*Data below*
━━━━━━━━━━━━━━━━

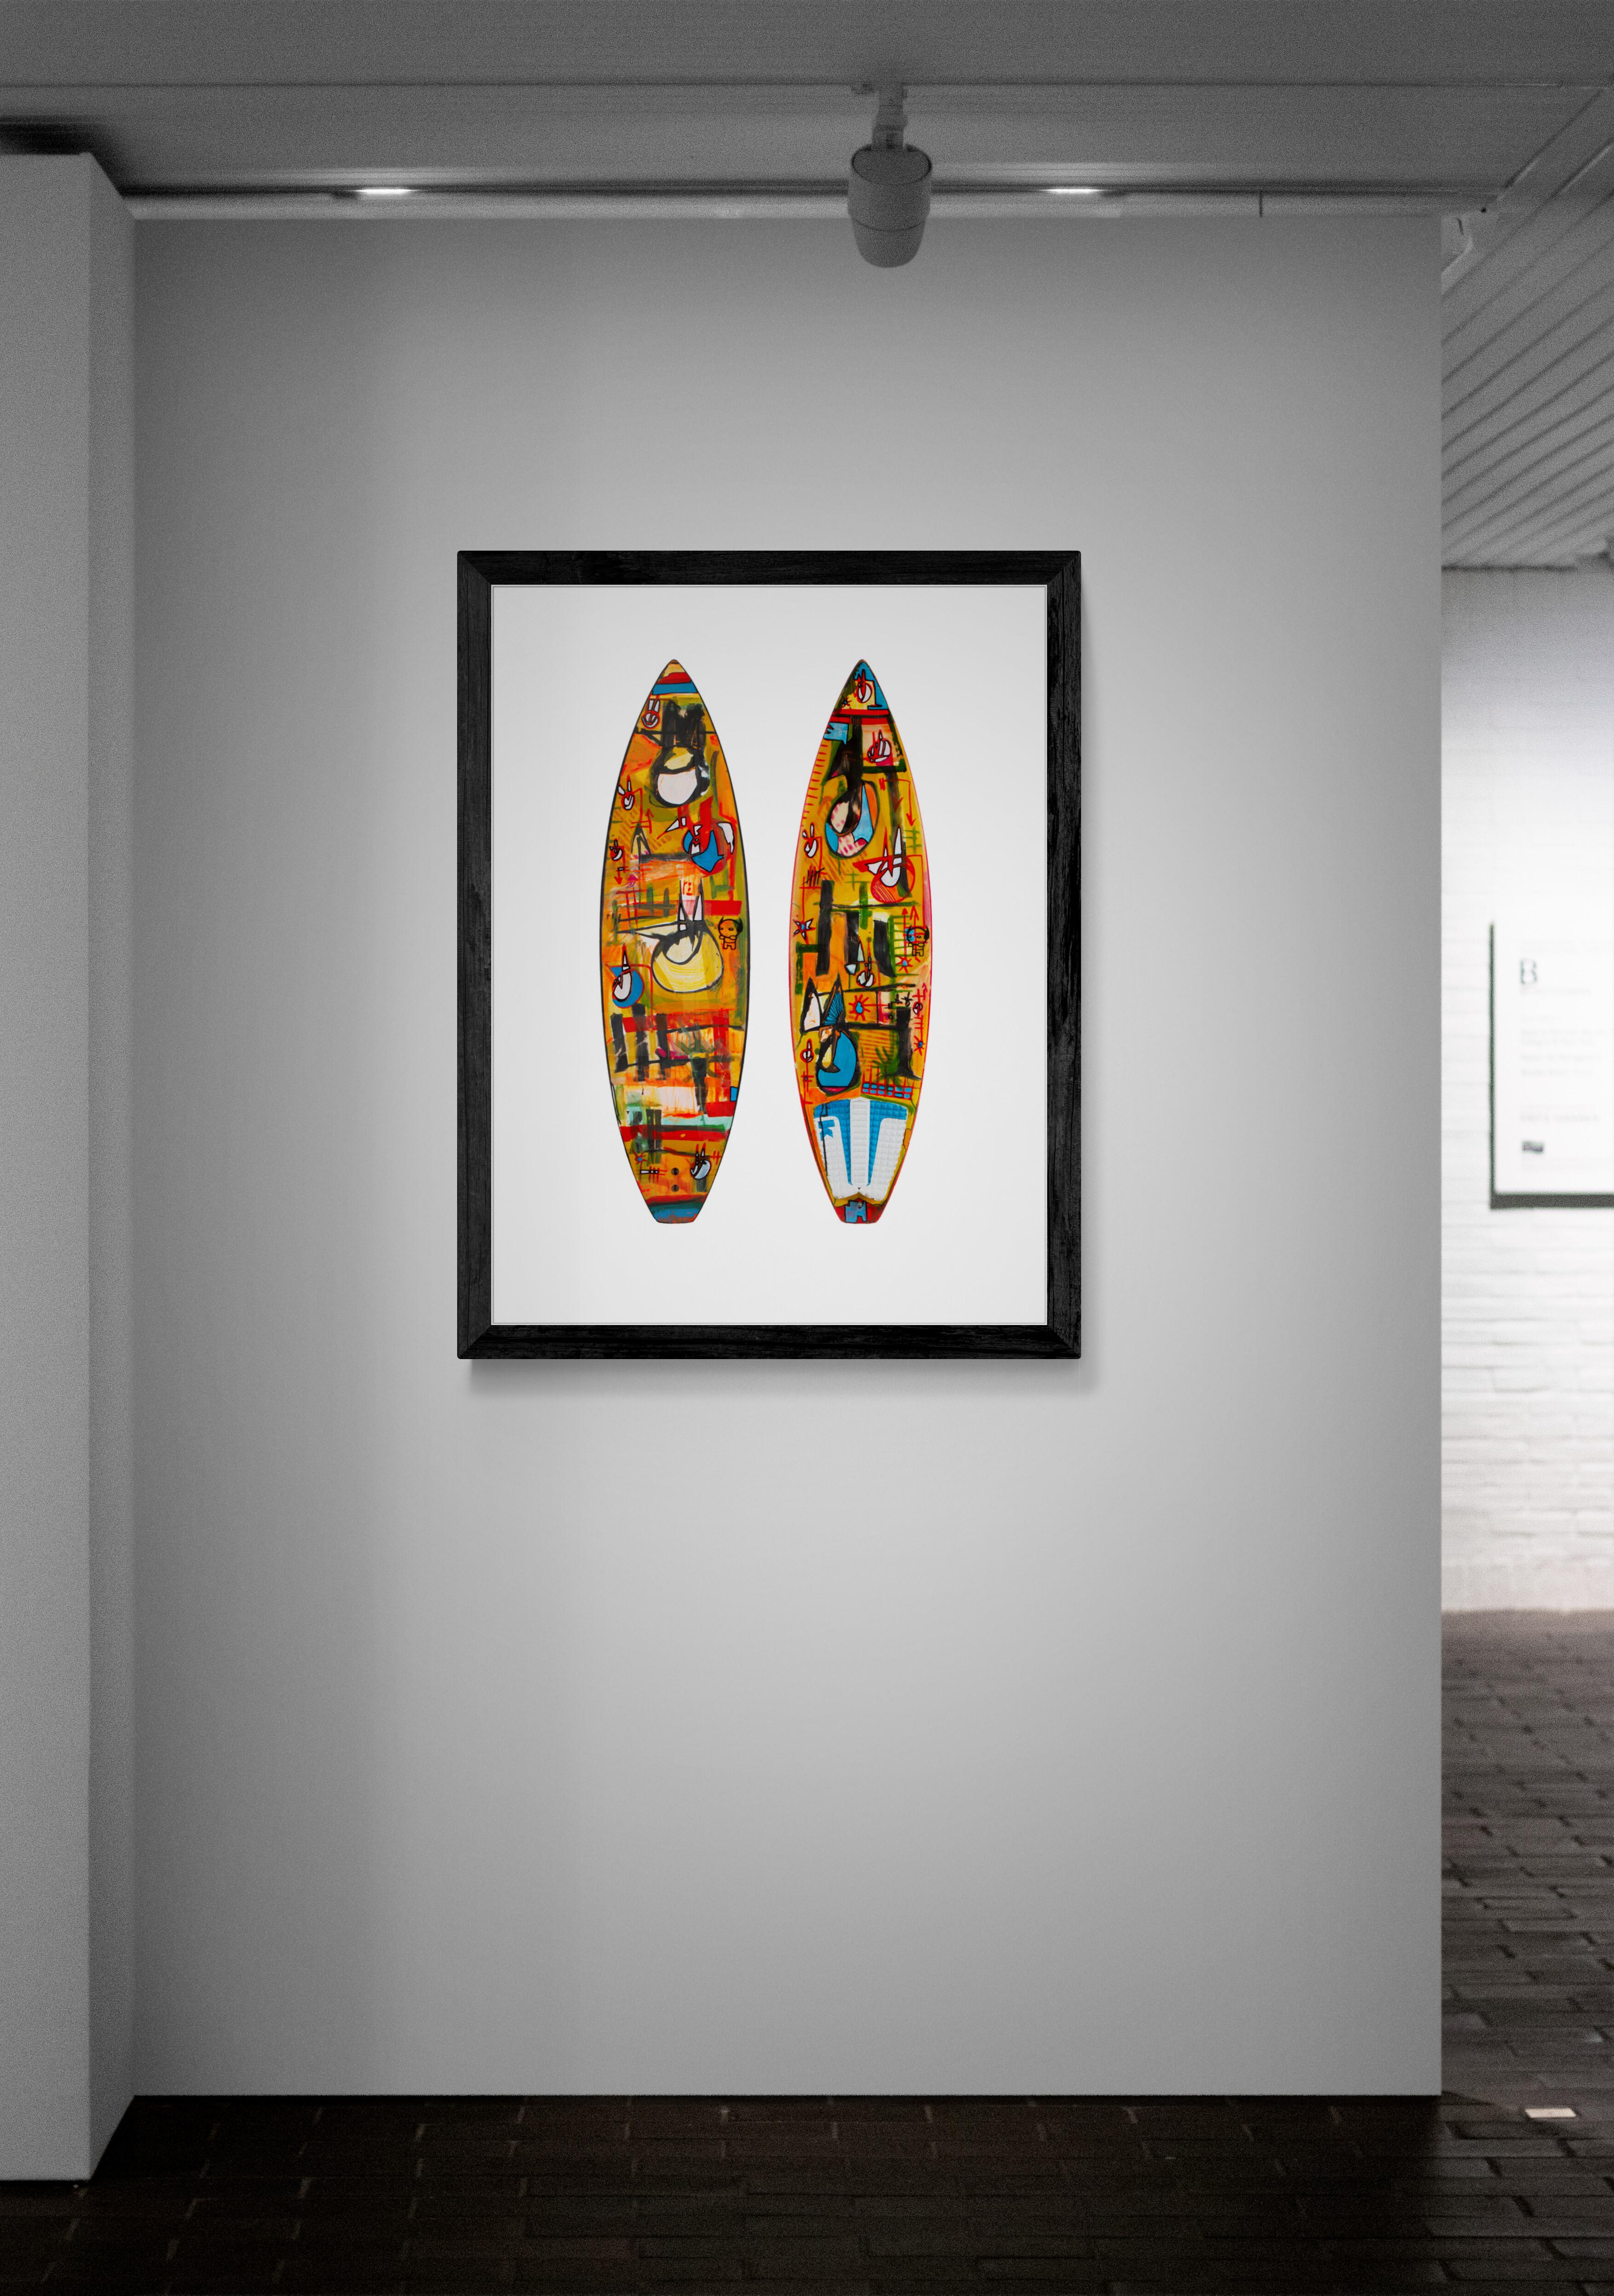 Artist: Michael Torquato deNicola

Title: Sun Down Surf Board Print

Edition Details: Archival pigment print on 100% Agave/Cotton sustainable fine art paper, signed and numbered in the margins by the artist, and released in the following exclusive

━━━━━━━━━━━━━━━━

*What you are asked to do*
Produce the data again character for character, with the images left out.

*Exercise output*
 Artist: Michael Torquato deNicola

Title: Sun Down Surf Board Print

Edition Details: Archival pigment print on 100% Agave/Cotton sustainable fine art paper, signed and numbered in the margins by the artist, and released in the following exclusive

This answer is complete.